In part one, HEC describes the current state of affairs of high-end computing and gives us a glimpse of the road ahead. In parts two and three he will argue that the community needs to reconceptualize both parallel computing and heterogeneous processing as we move toward what he refers to as “nanocore” — that is, the point at which processors exceed 64 cores. This is the level at which HEC believes “wholly innovative microarchitectural strategies are required to scale further.” The 64-core inflection point he’s referring to applies to general-purpose processor architecture, not simpler GPU or DSP architectures, which already have core counts at this scale and above.

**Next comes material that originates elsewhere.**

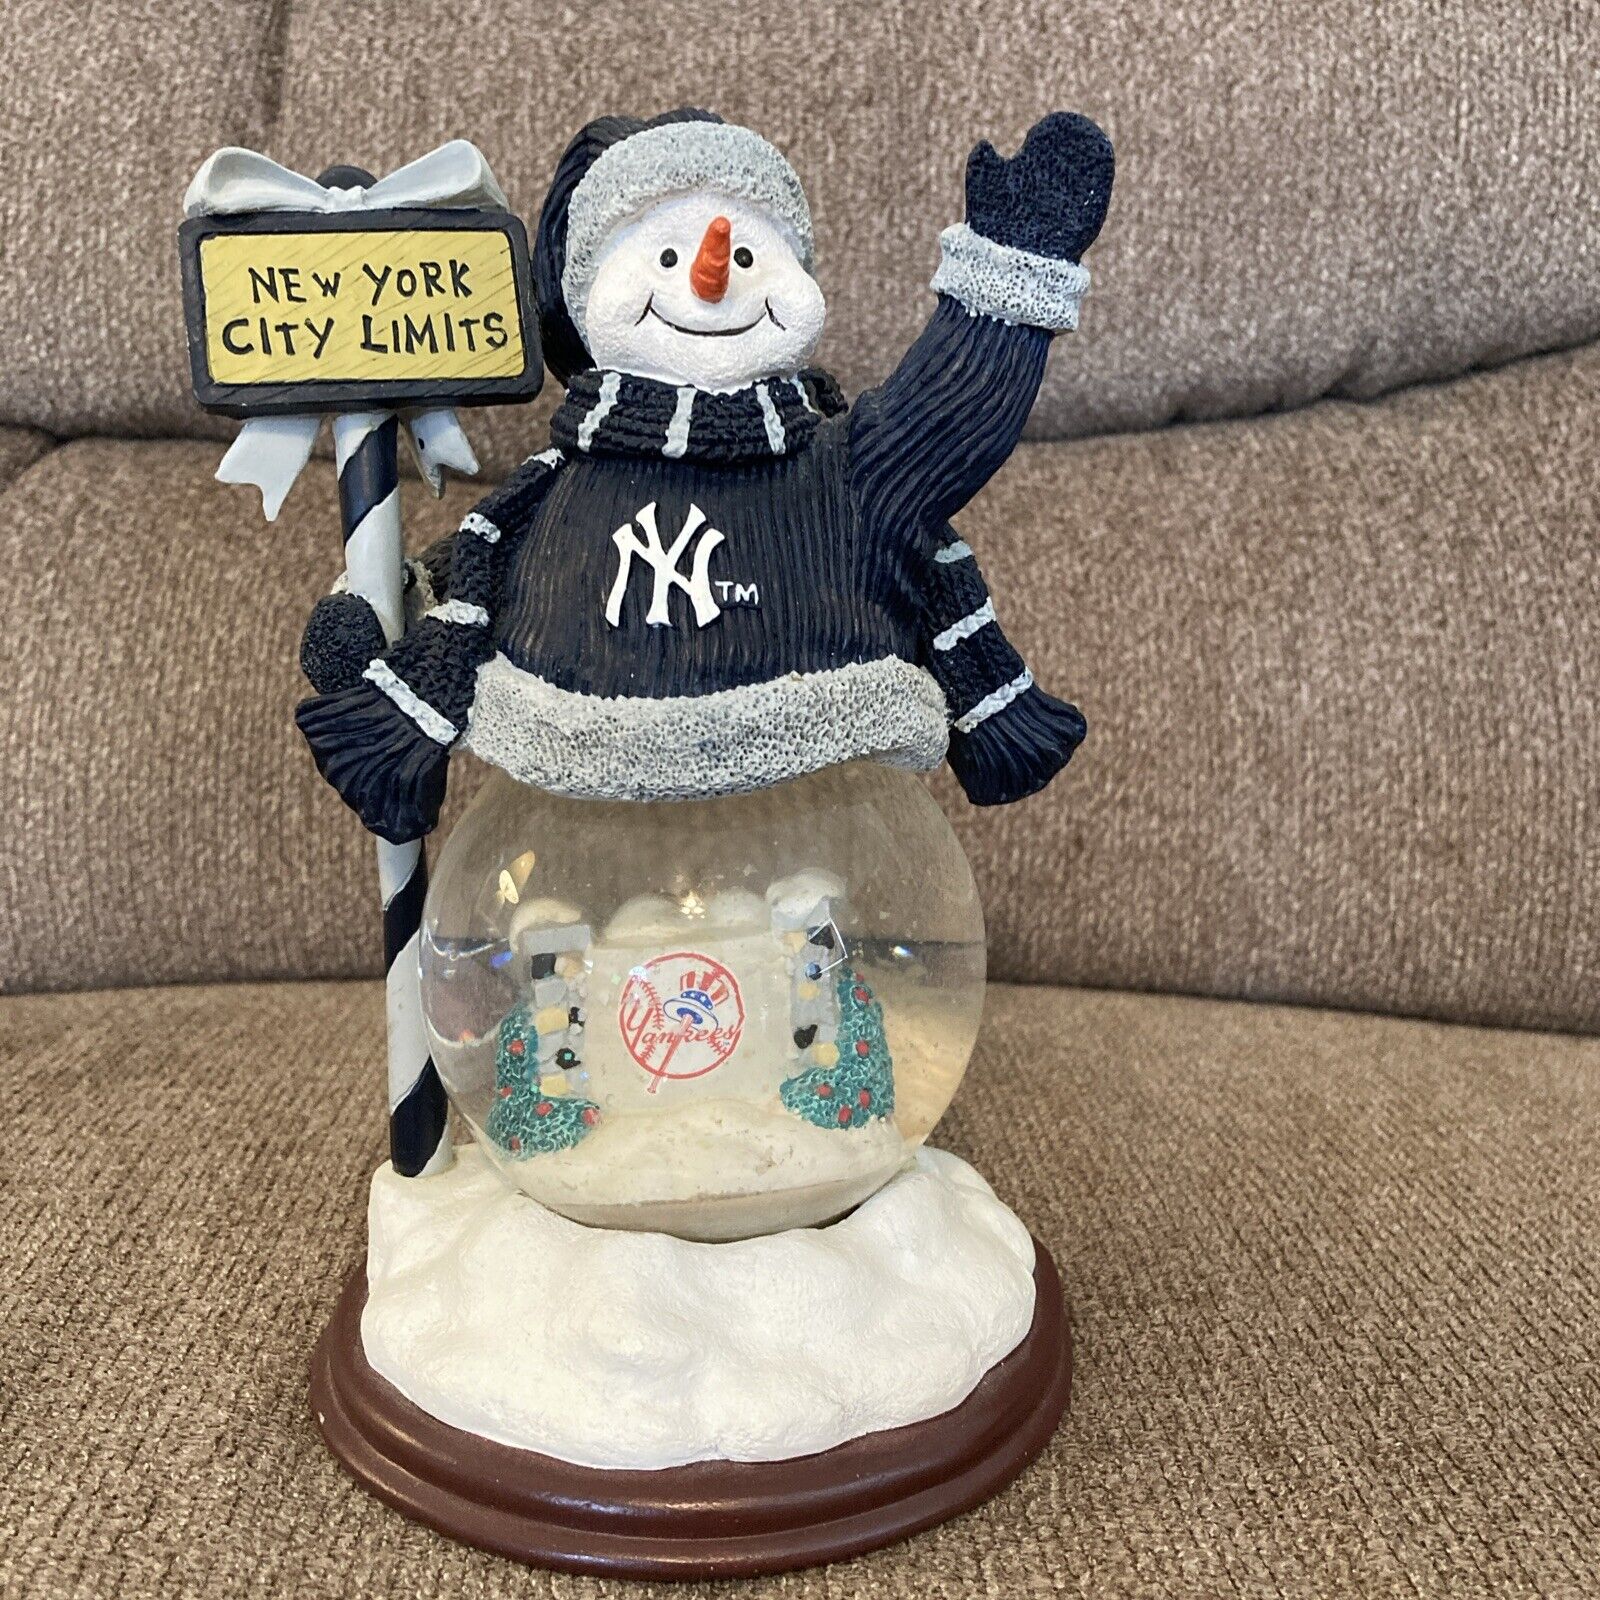 2007 Memory Company New York Yankees City Limits Snowman Snow Globe Limited Ed

While increased core count will make systems much more powerful, heterogeneity will make them more intelligent. In truth, heterogeneous computing has come to mean many things. Traditionally it refers to matching different types of processor architectures — scalar, vector, multithreaded, etc. — to the types of workloads that are most suited to them. So, for example, an application that needs to do matrix multiplication along with some non-arithmetic control logic might best be served with a system that encompassed both GPUs and CPUs. Other forms of heterogeneity involve the architecture of the memory hierarchy and the programming mechanisms that tie the various hardware models together.

On the multicore front, we’re already starting to see some early attempts at nanocore. This week Tilera announced TILE64, a 64-core chip aimed at the high performance embedded computing market. With an architecture that is reminiscent of Intel’s 80-core terascale processor prototype, TILE64 has an 8×8 grid of general-purpose processing cores (tiles) connected via an on-chip network, called iMesh. Tilera’s press release claims that it has achieved a scalable architecture significantly beyond current multicore processors:

Because the aggregate bandwidth is orders of magnitude greater than a bus and the distance between cores is shorter, the iMesh technology can be leveraged to create grids as large or small as an application requires, creating a “computing-by-the-yard” scalability…

By including a communication switch on each core, the processor is able to achieve 27 terabits per second of aggregate on-chip bandwidth. At 1 GHz and just 300 milliwatts per core, the whole (32-bit) processor can reach 192 gigaops. This is just a fraction of Intel’s one-plus teraflop of performance for their 80-core terascale prototype, but to some extent that’s comparing apples to oranges. However, both vendors do take advantage of a tiled arrangement of relatively simple processing cores connected by a 2D mesh to achieve much higher levels of performance than the current crop of commodity processors.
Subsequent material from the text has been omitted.